TASK BRIEF
In your copy, leave out the pictures and output only the lines from the one holding "1920px-VW_Golf_1,_Bj._1974_(1975-02).jpg" through the end of the data below, exactly.

SUPPLIED INFORMATION
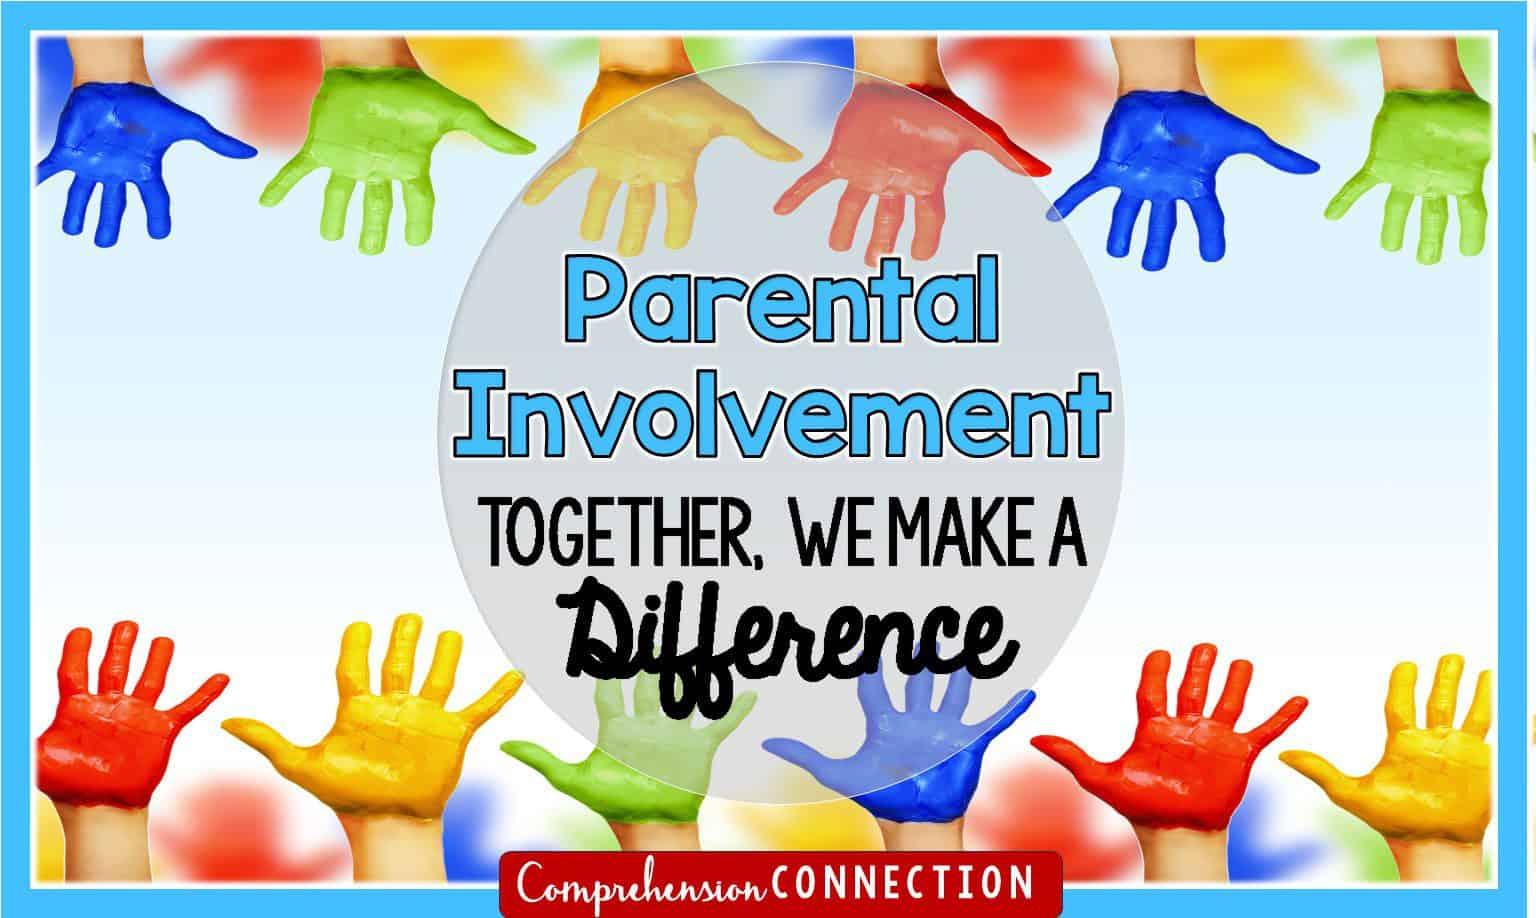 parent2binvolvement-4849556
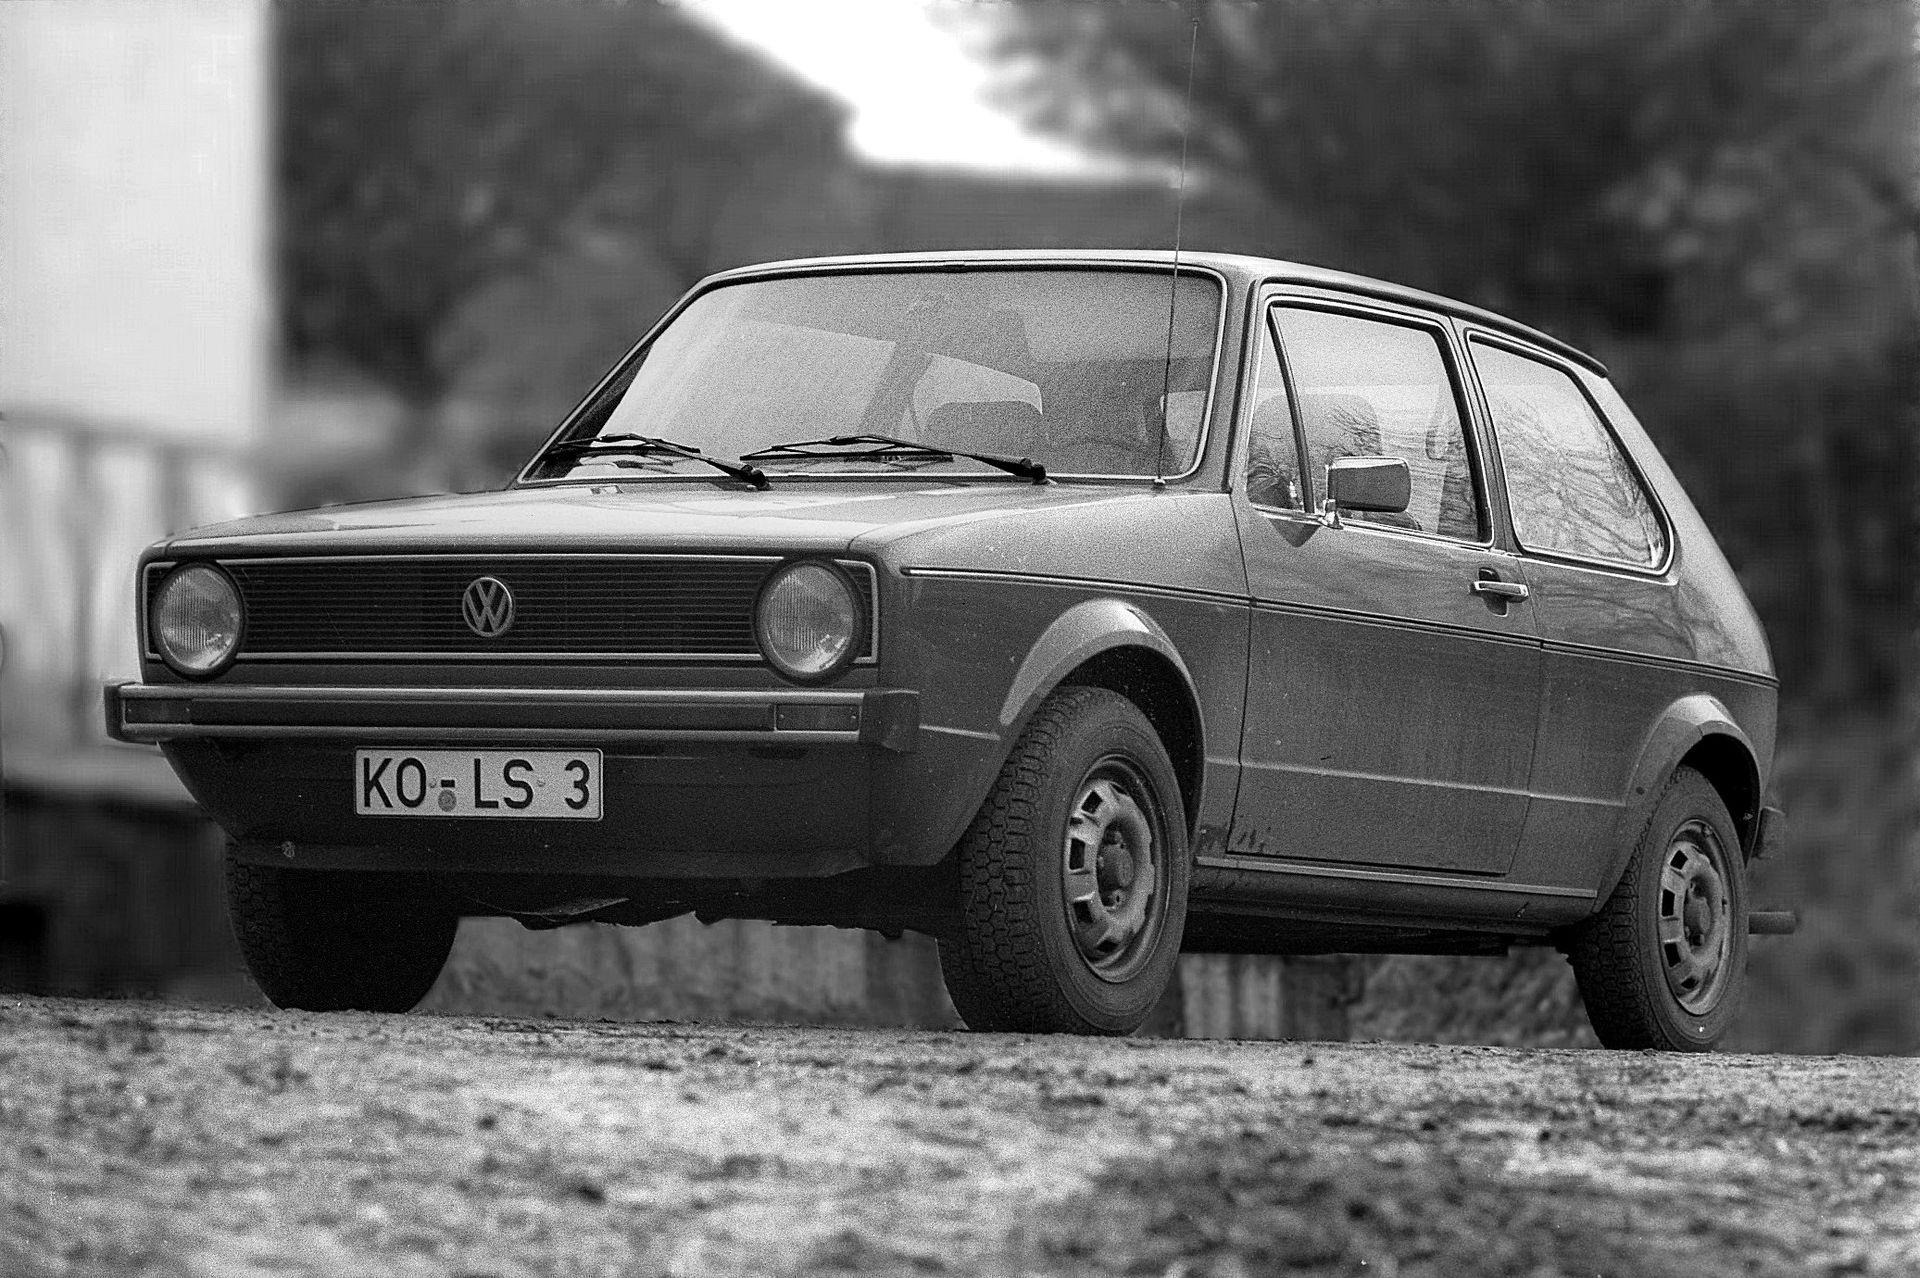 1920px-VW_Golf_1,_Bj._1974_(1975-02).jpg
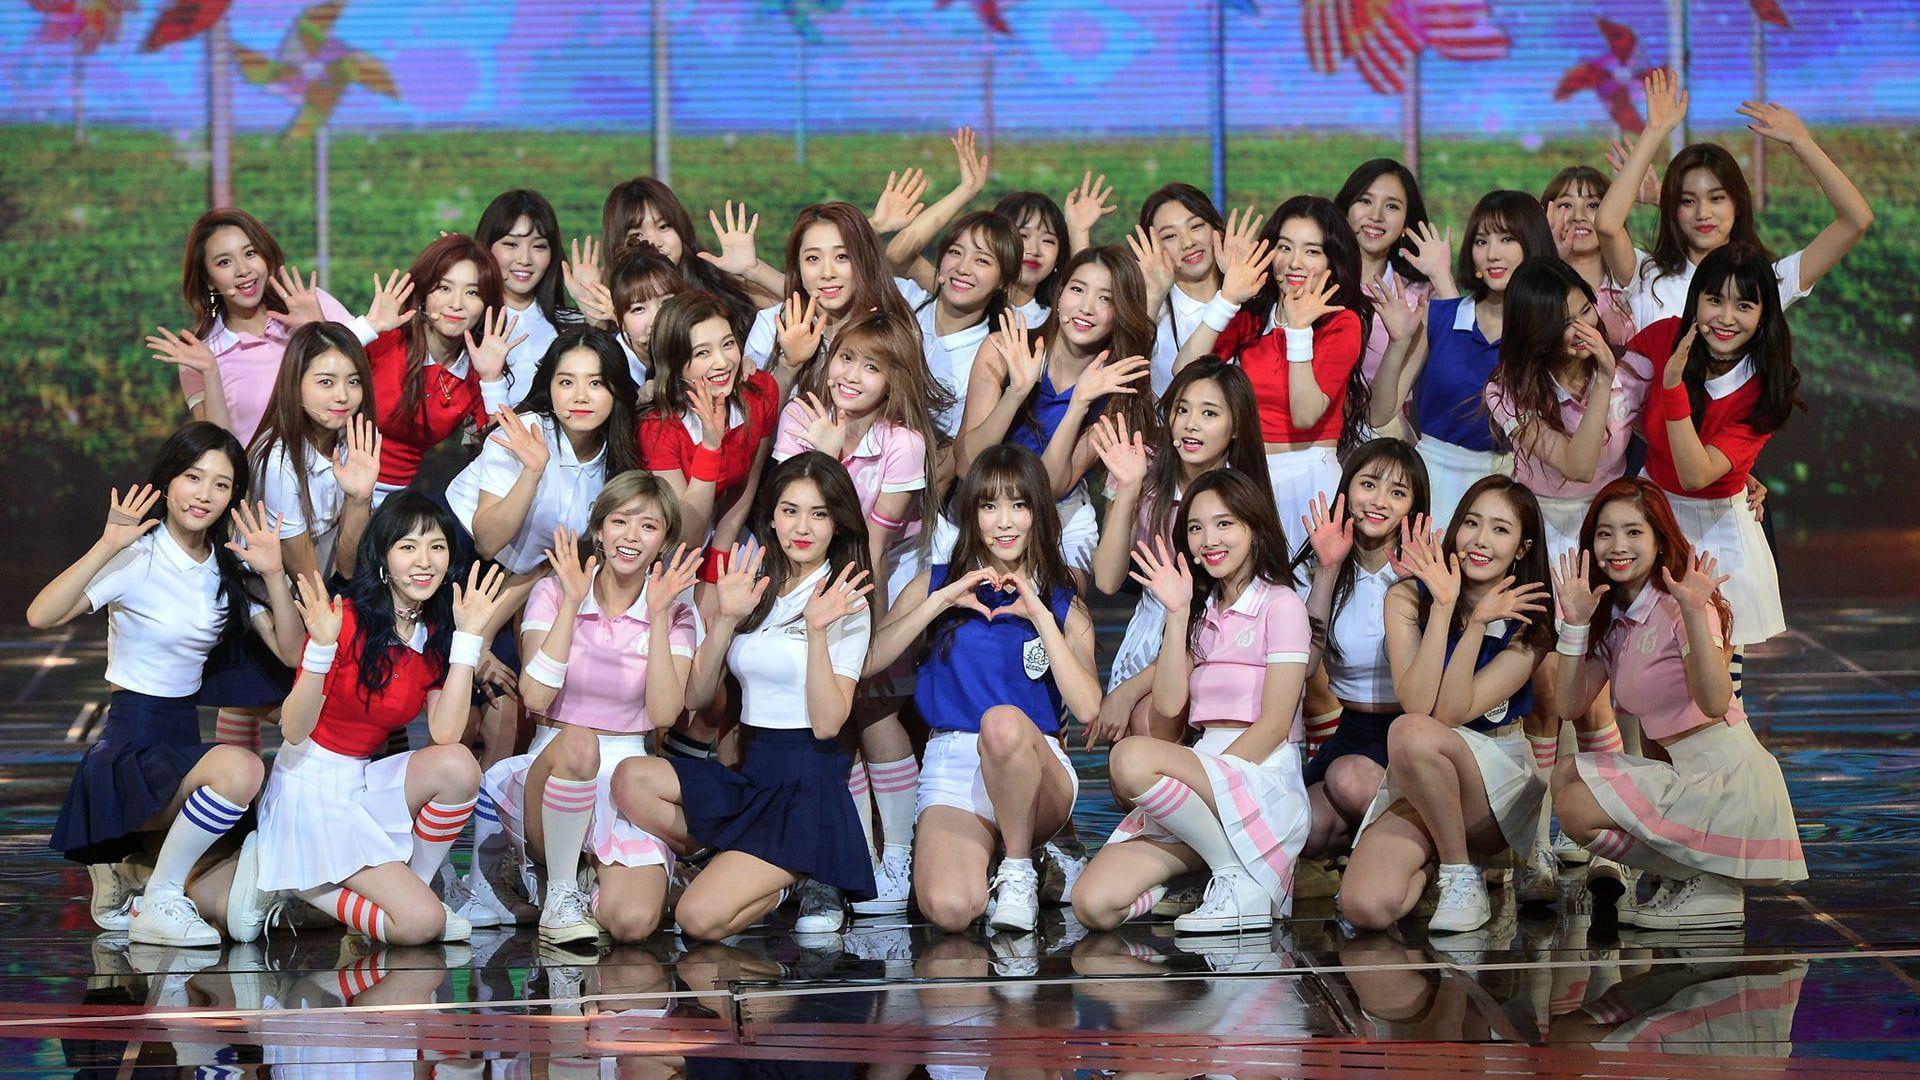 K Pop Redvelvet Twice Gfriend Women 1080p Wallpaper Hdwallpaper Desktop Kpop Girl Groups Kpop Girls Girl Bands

RESPONSE BELOW
 1920px-VW_Golf_1,_Bj._1974_(1975-02).jpg
 K Pop Redvelvet Twice Gfriend Women 1080p Wallpaper Hdwallpaper Desktop Kpop Girl Groups Kpop Girls Girl Bands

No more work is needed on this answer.